══ Collected material ══
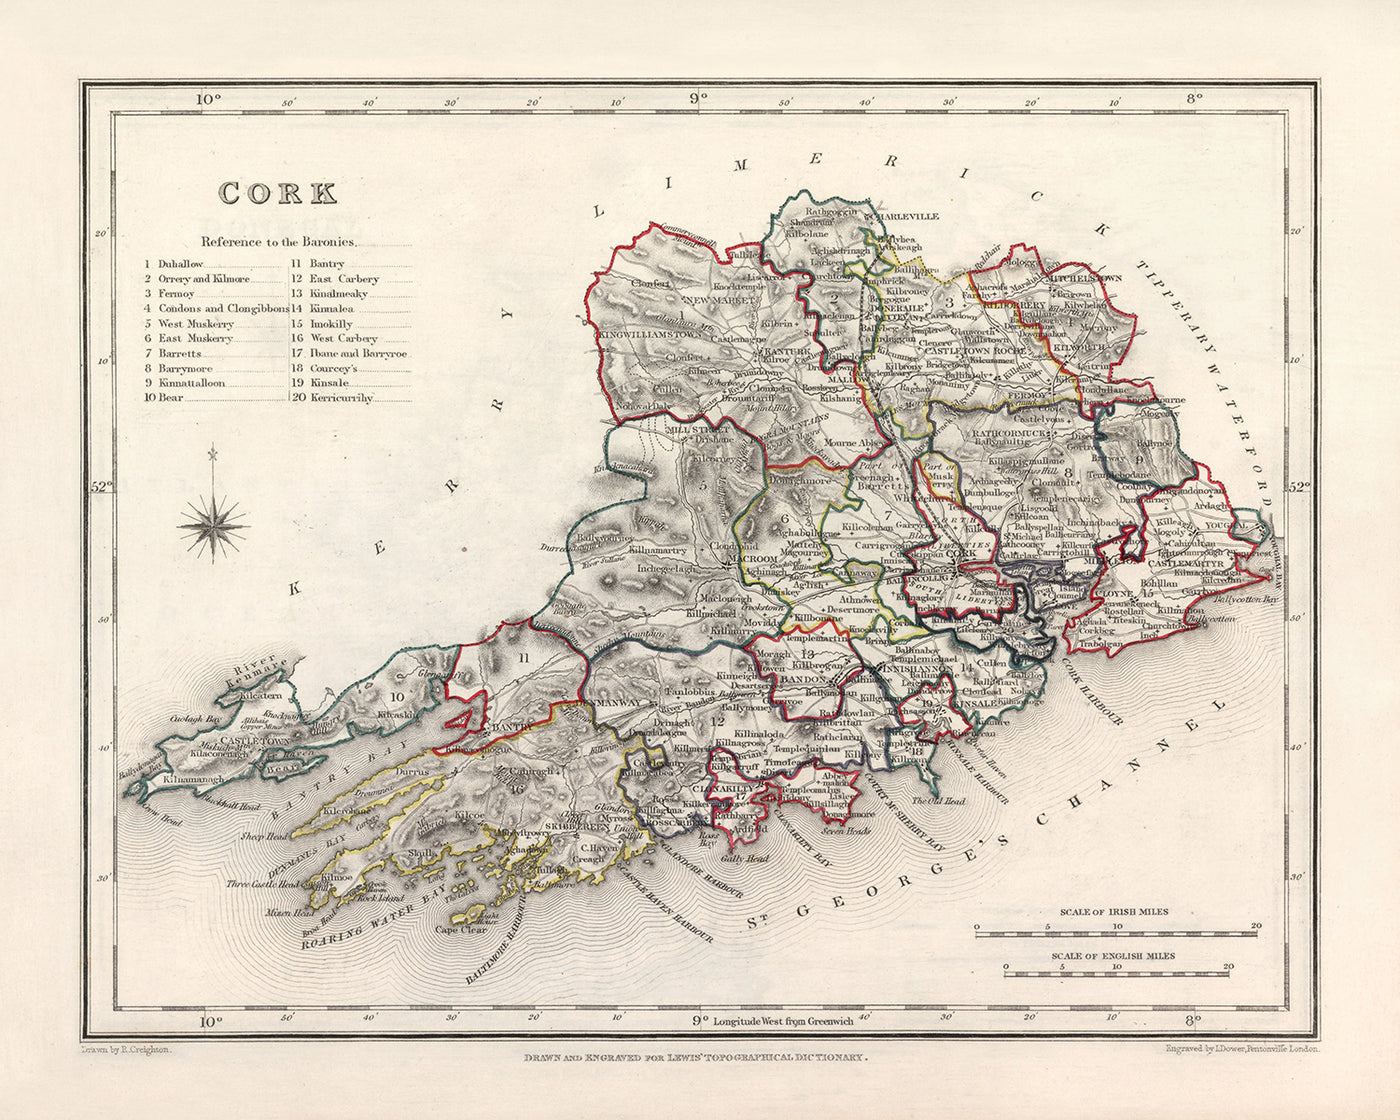 Old Map of County Cork by Samuel Lewis, 1844: Cobh, Kinsale, Blarney Castle, Fota House, Mizen Head
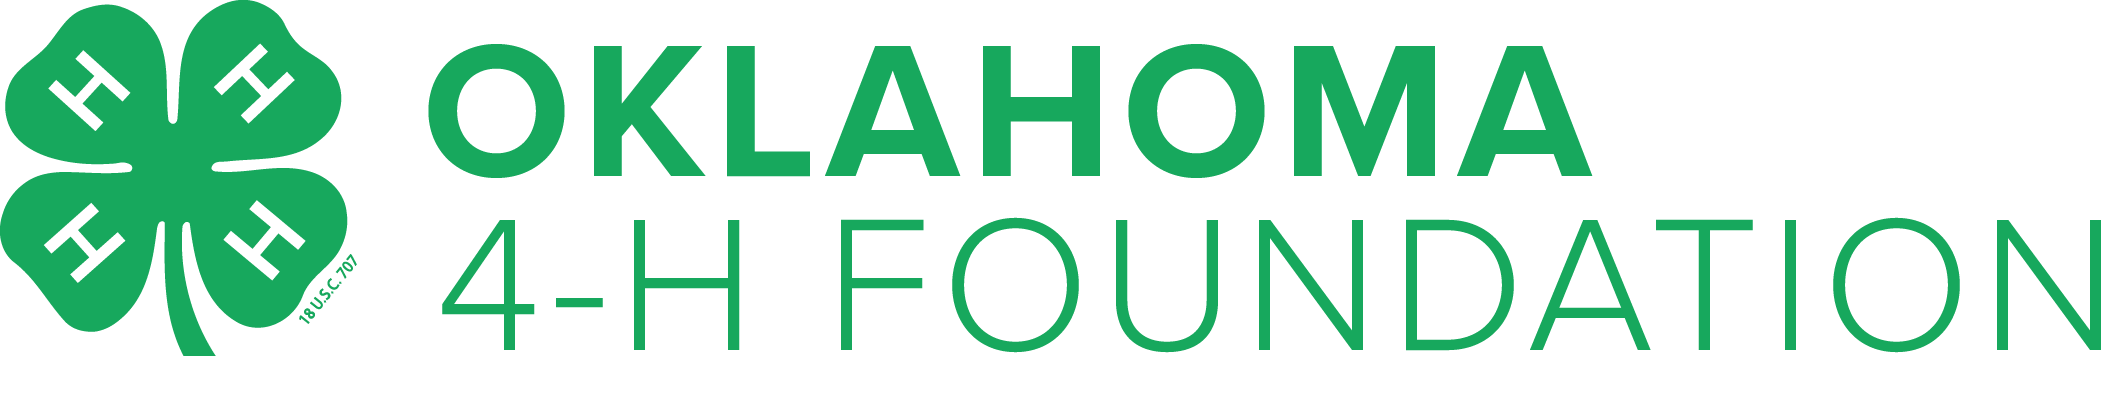 Oklahoma 4-H Foundation
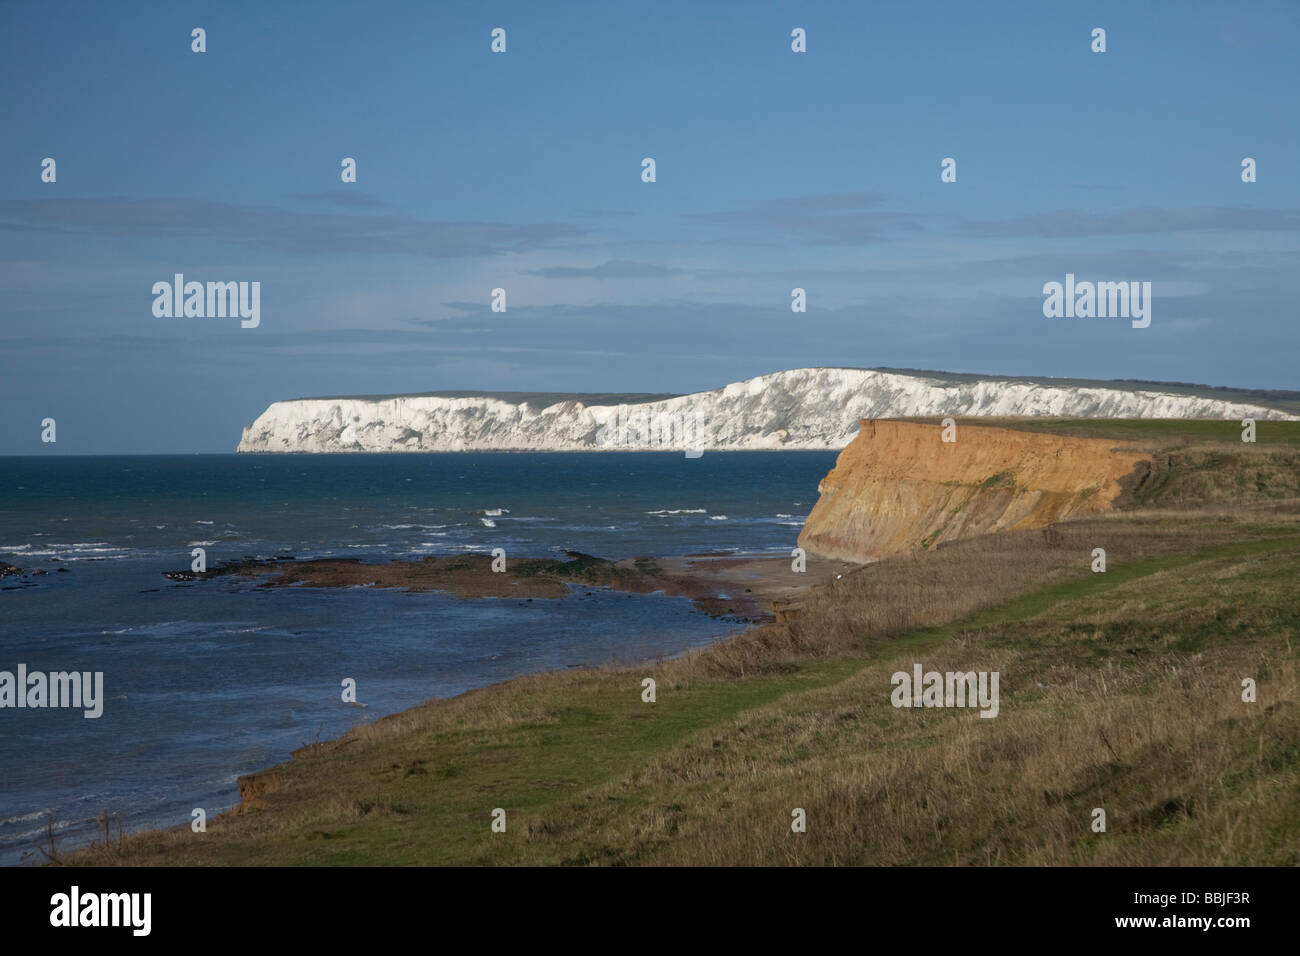 Brook United Kingdom England GB Cliffs on the Isle of Wight Stock Photo
═══
Goal of the exercise: Pictures are to be excluded; all other material must be transcribed exactly.

Answer below:
 Old Map of County Cork by Samuel Lewis, 1844: Cobh, Kinsale, Blarney Castle, Fota House, Mizen Head
 Oklahoma 4-H Foundation
 Brook United Kingdom England GB Cliffs on the Isle of Wight Stock Photo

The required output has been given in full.